Some diseases are highly determined by simple alterations in genes; sickle cell anemia and cystic fibrosis are two examples of common genetic diseases. There are numerous genetic diseases that are rare, affecting only a few hundred or thousand people worldwide. There is a genetic abnormality associated with COPD. We’ve known about it for almost 60 years. Called alpha-one antitrypsin deficiency, it causes emphysema often at a young age and often in people who have never smoked. It does this because alpha-one antitrypsin helps keep the lung tissue intact. But only a few percent of COPD patients have alpha-one antitrypsin deficiency: it is not a common cause of COPD.
Current clinical practice guidelines recommend that all COPD patients should be evaluated for alpha-one antitrypsin deficiency…once. Also, people who have unexplained chronic liver disease, or who have family members with alpha-1 antitrypsin deficiency, are recommended to get tested. Testing involves a blood test to see if the level of alpha-one antitrypsin is low. A genetic test is done only if the level is low. The reason why testing is worthwhile is that specific therapy is available; giving alpha-one antitrypsin by vein weekly or monthly has been shown to slow the progression of COPD in alpha-1 antitrypsin deficient patients who have moderate to severe lung disease. The Alpha-1 Foundation offers ways to get tested at no cost to you.

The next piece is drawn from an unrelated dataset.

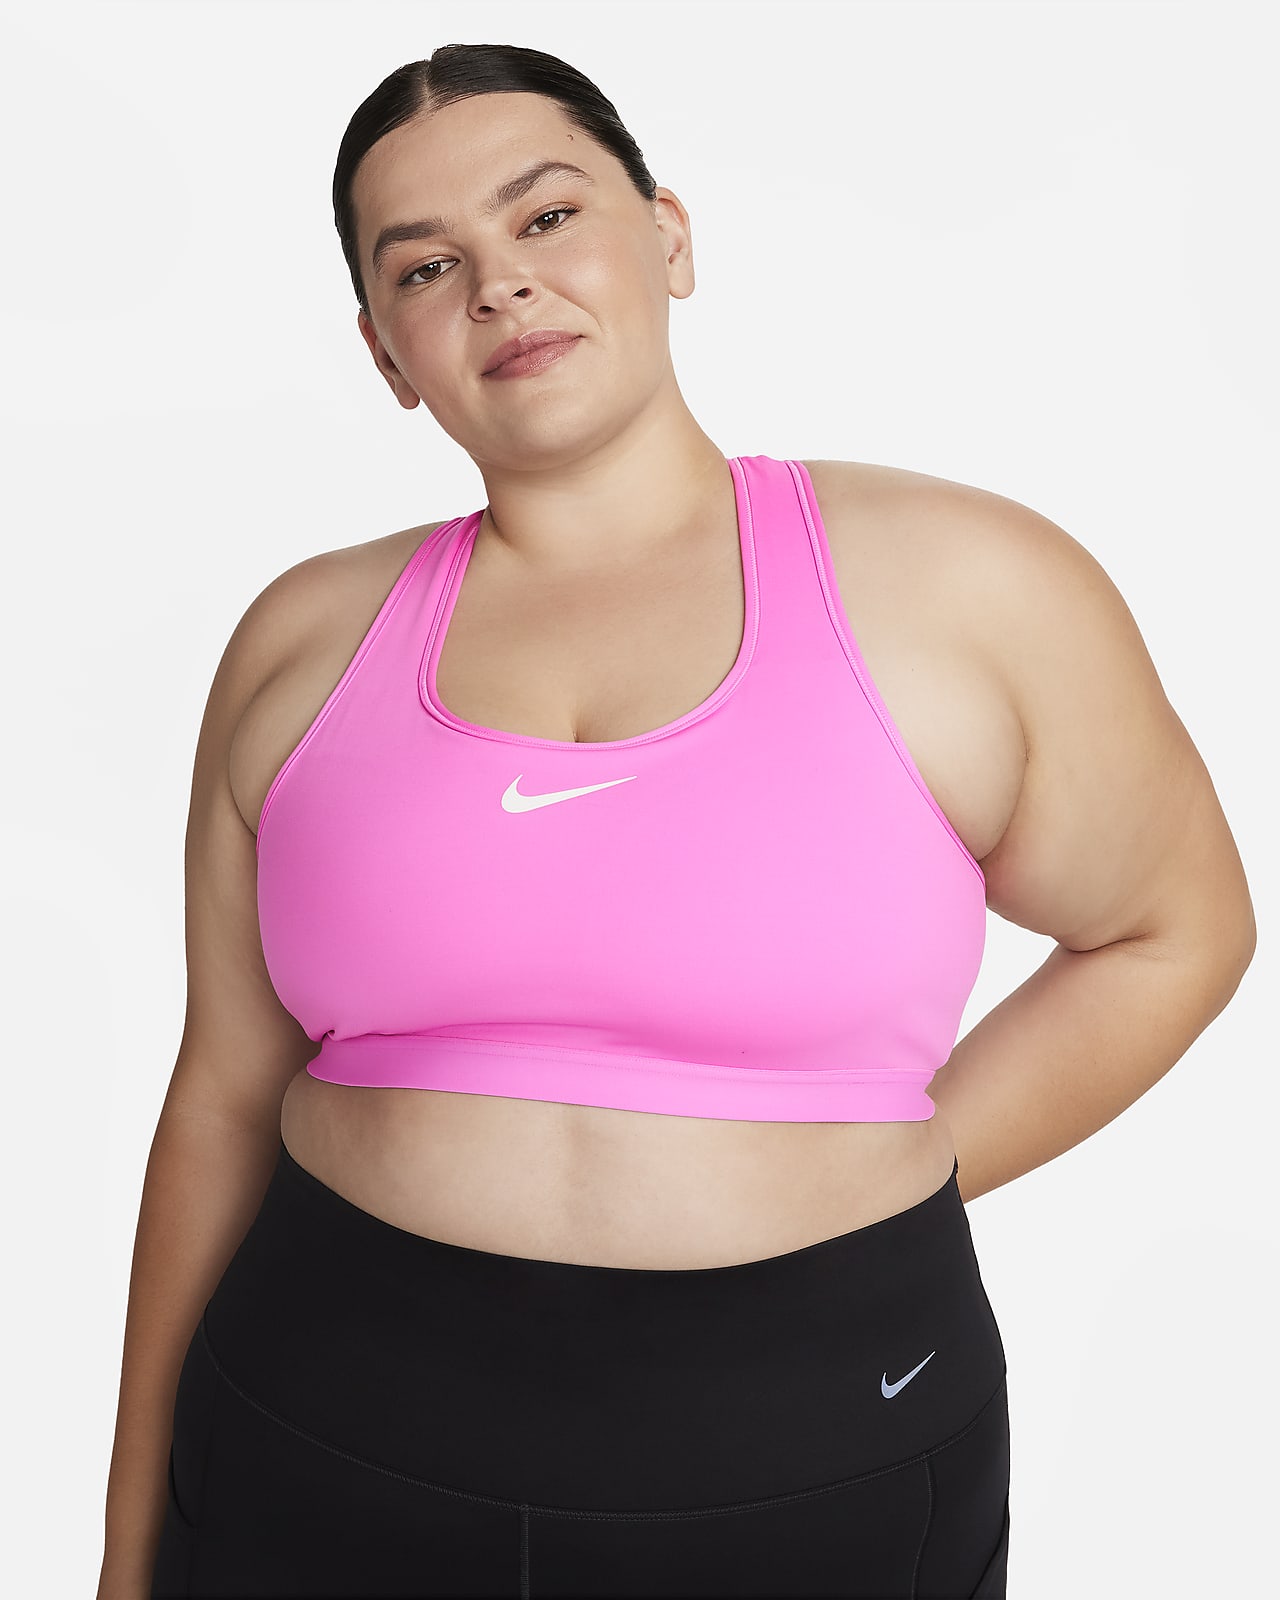 Nike Size S Sports Bras for Women

It has always seemed likely that there were other genetic predispositions to COPD. This is strongly suggested by the fact that the majority of smokers do not get COPD. It seems reasonable to suppose that something in this lucky minority’s genetic makeup protects them from COPD. The COPDGene project was created to address this supposition; it has been funded by the National Institutes of Health’s National Heart, Lung and Blood Institute and involves more than 20 sites across the USA (including our site at the Lundquist Institute/Harbor-UCLA Medical Center). Starting in 2011, over 10,000 people with a history of smoking were recruited (about 750 at our site), about half with evidence of COPD, about half without. From blood samples, more than a million genetic loci have been probed (and subsequently, even more sophisticated analyses performed) to see if consistent differences could be detected between those smokers with COPD and those without. This study has been spectacularly successful, with about 400 (yes, 400!) scientific papers published to date. The study has been renewed twice, to restudy participants at 5 and 10 years after the initial visit.

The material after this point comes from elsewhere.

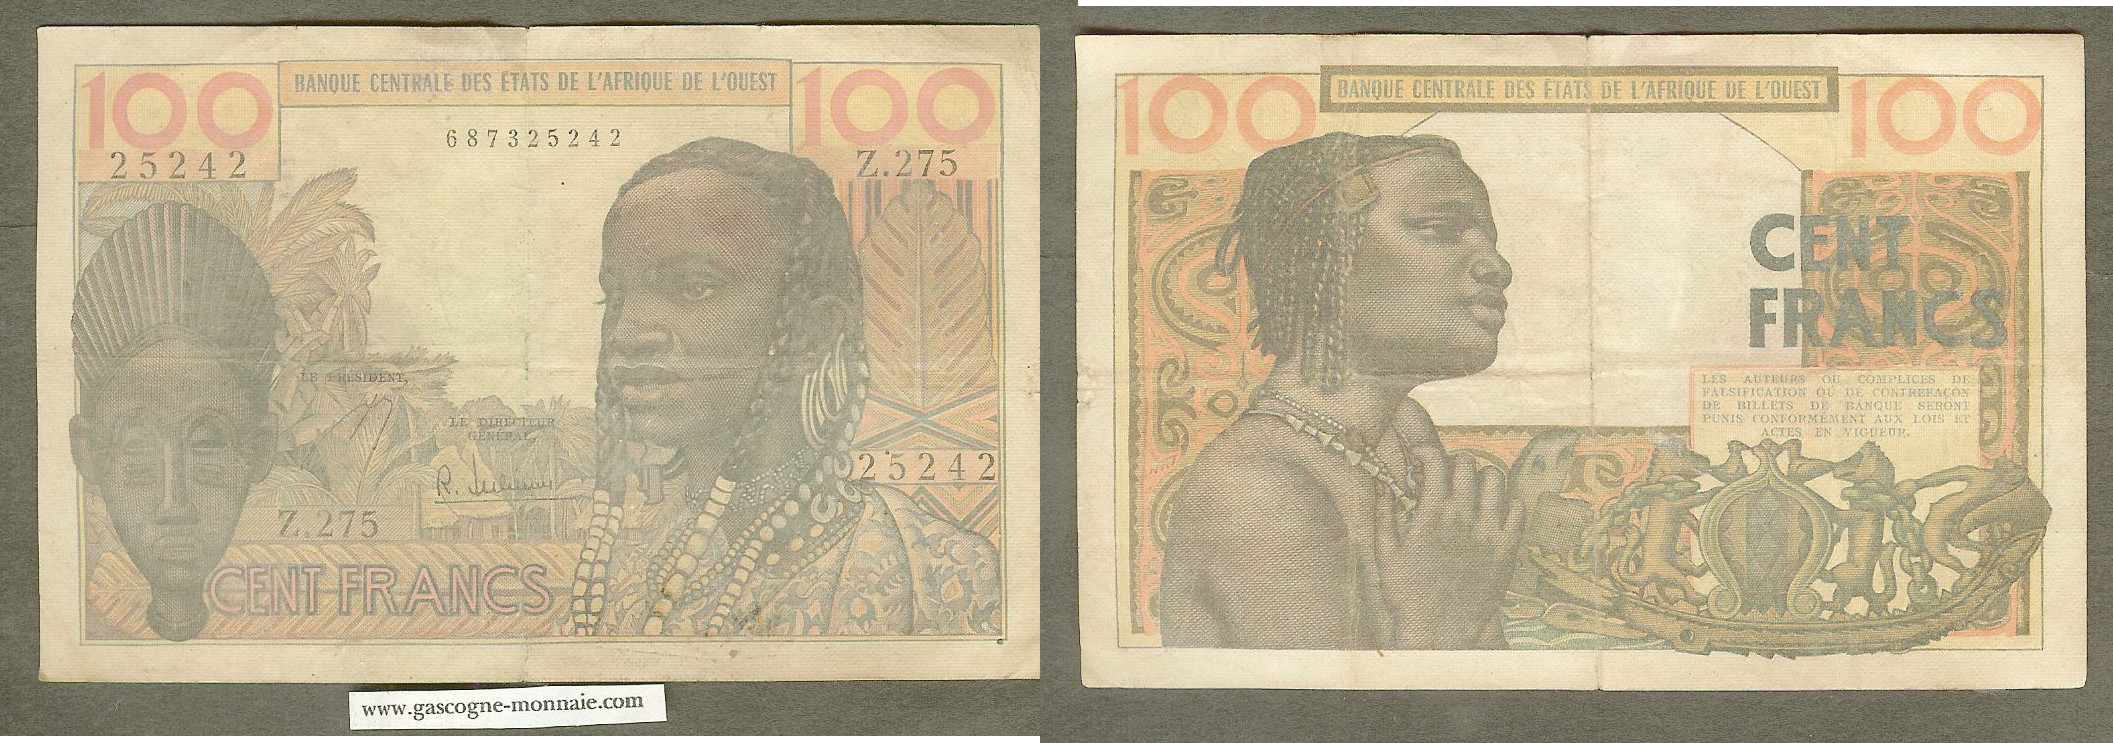 100 Francs ÉTATS DE L'AFRIQUE DE L'OUEST 1965 P.2b TTB-

So what has been learned about the genetics of COPD? To date, over 20 specific genetic locations have been convincingly associated with predisposition to COPD. Genetic variations in other locations of the genome have been demonstrated to be associated with specific kinds of COPD: for example, more emphysema (and specific distributions of emphysema), prominent chronic bronchitis, or low oxygen levels. It can sometimes be determined what these specific genes are designed to do. For example, some of the COPD-predisposing gene variants have the function of increasing the tendency for nicotine addiction, and therefore those who have this specific genetic variation tend to smoke more.

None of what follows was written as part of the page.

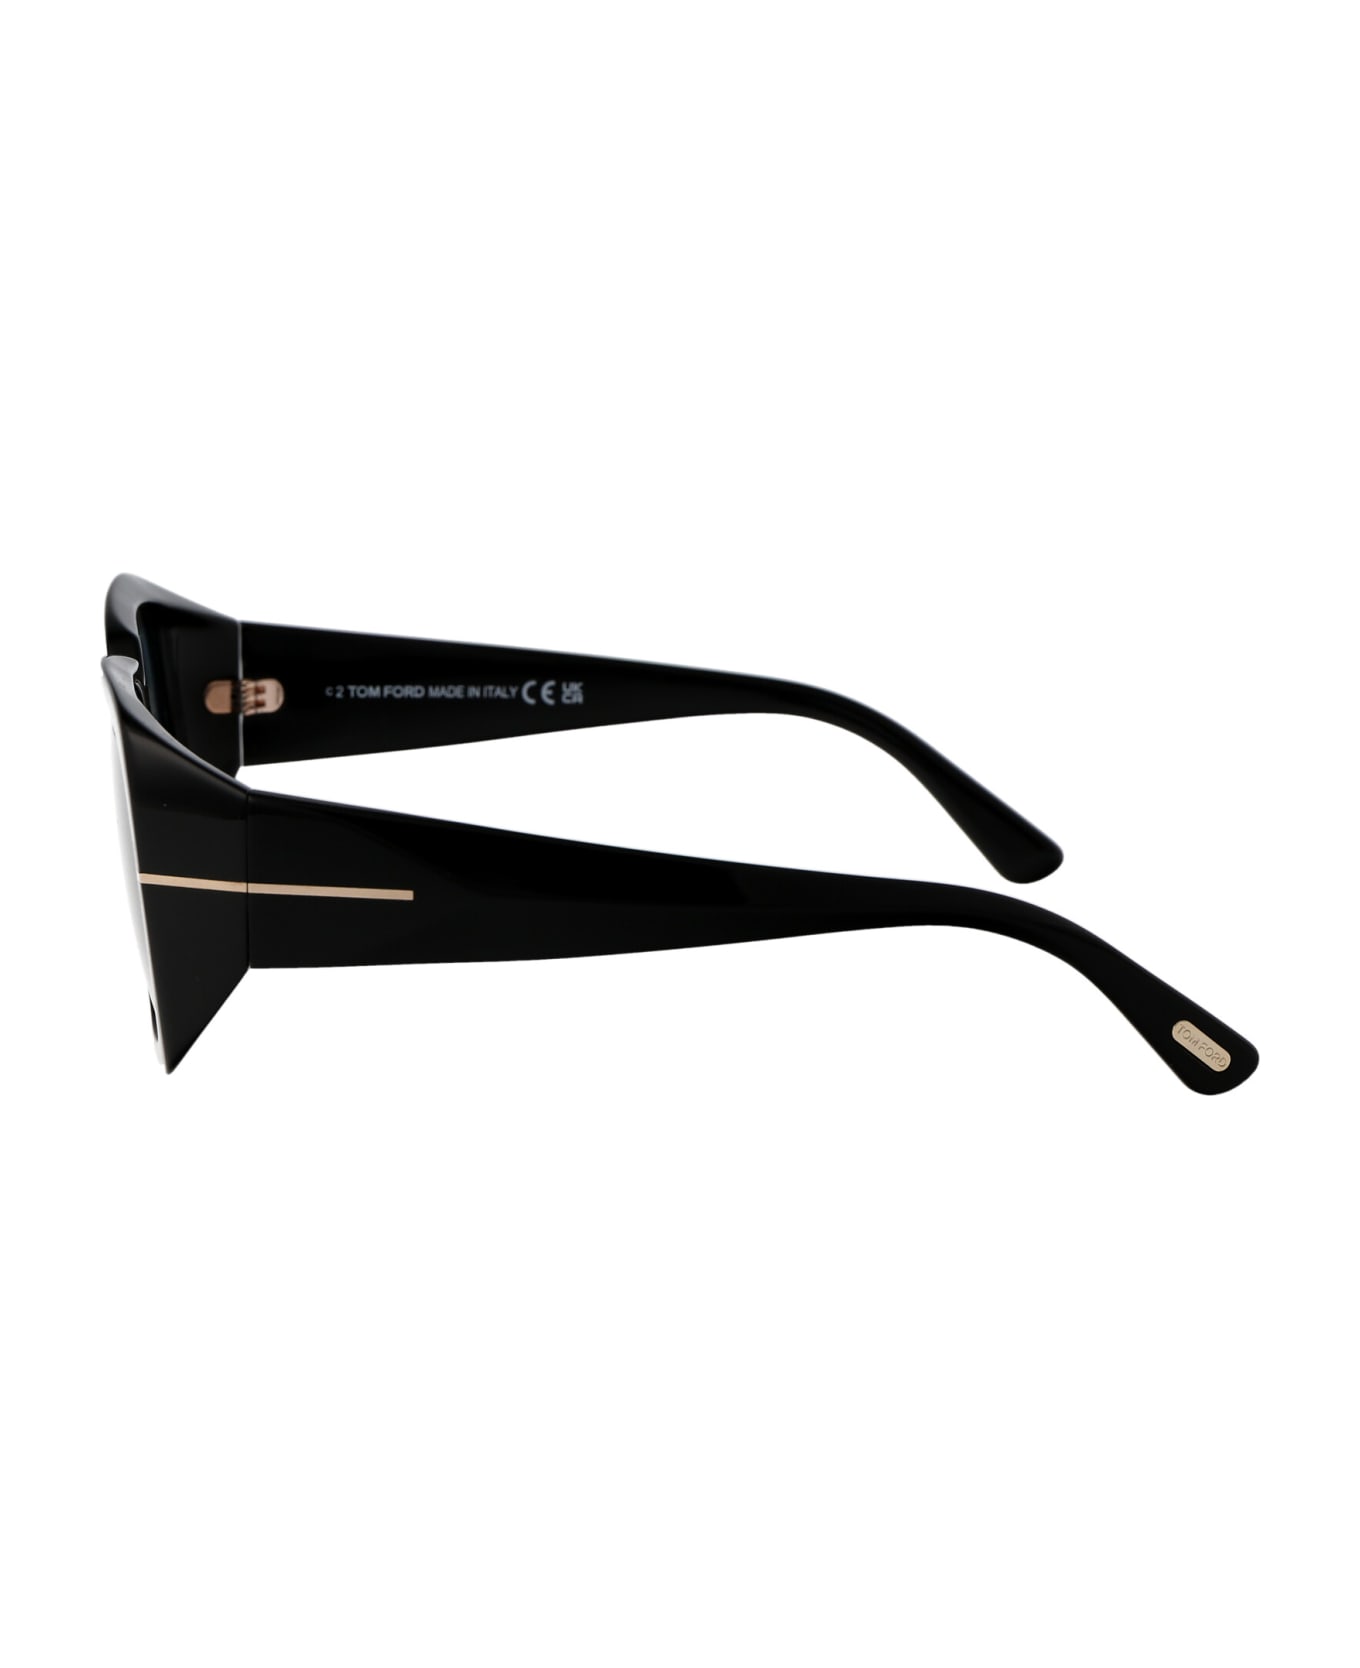 Tom Ford Eyewear Ryder-02 Sunglasses - 01V Nero Lucido / Blu

Although the COPDGene study has been overwhelmingly successful, it has failed to find specific genes that strongly predispose to COPD in a substantial number of COPD patients. Each of the 20 or so genes predisposing to COPD that have been discovered only mildly increases the probability of getting COPD through smoking. This is in contrast to the gene associated with alpha-one antitrypsin deficiency, which strongly increases COPD probability. A newer approach seeks to define a “polygenic risk score”: a combination of genetic findings that, in combination, substantially increases the likelihood of COPD. To date, though, this approach had been only modestly successful and these risk scores have yet to find clinical application. Another disappointing aspect is that the genetic discoveries from COPDGene have, so far, not suggested much in the way of specific new therapeutic approaches.
So, to conclude, with the exception of testing for alpha-one antitrypsin deficiency, genetic testing for COPD has yet to show much value for the typical COPD patient. More and more sophisticated analyses are being brought to bear, though. Look for updates on this topic in the coming years.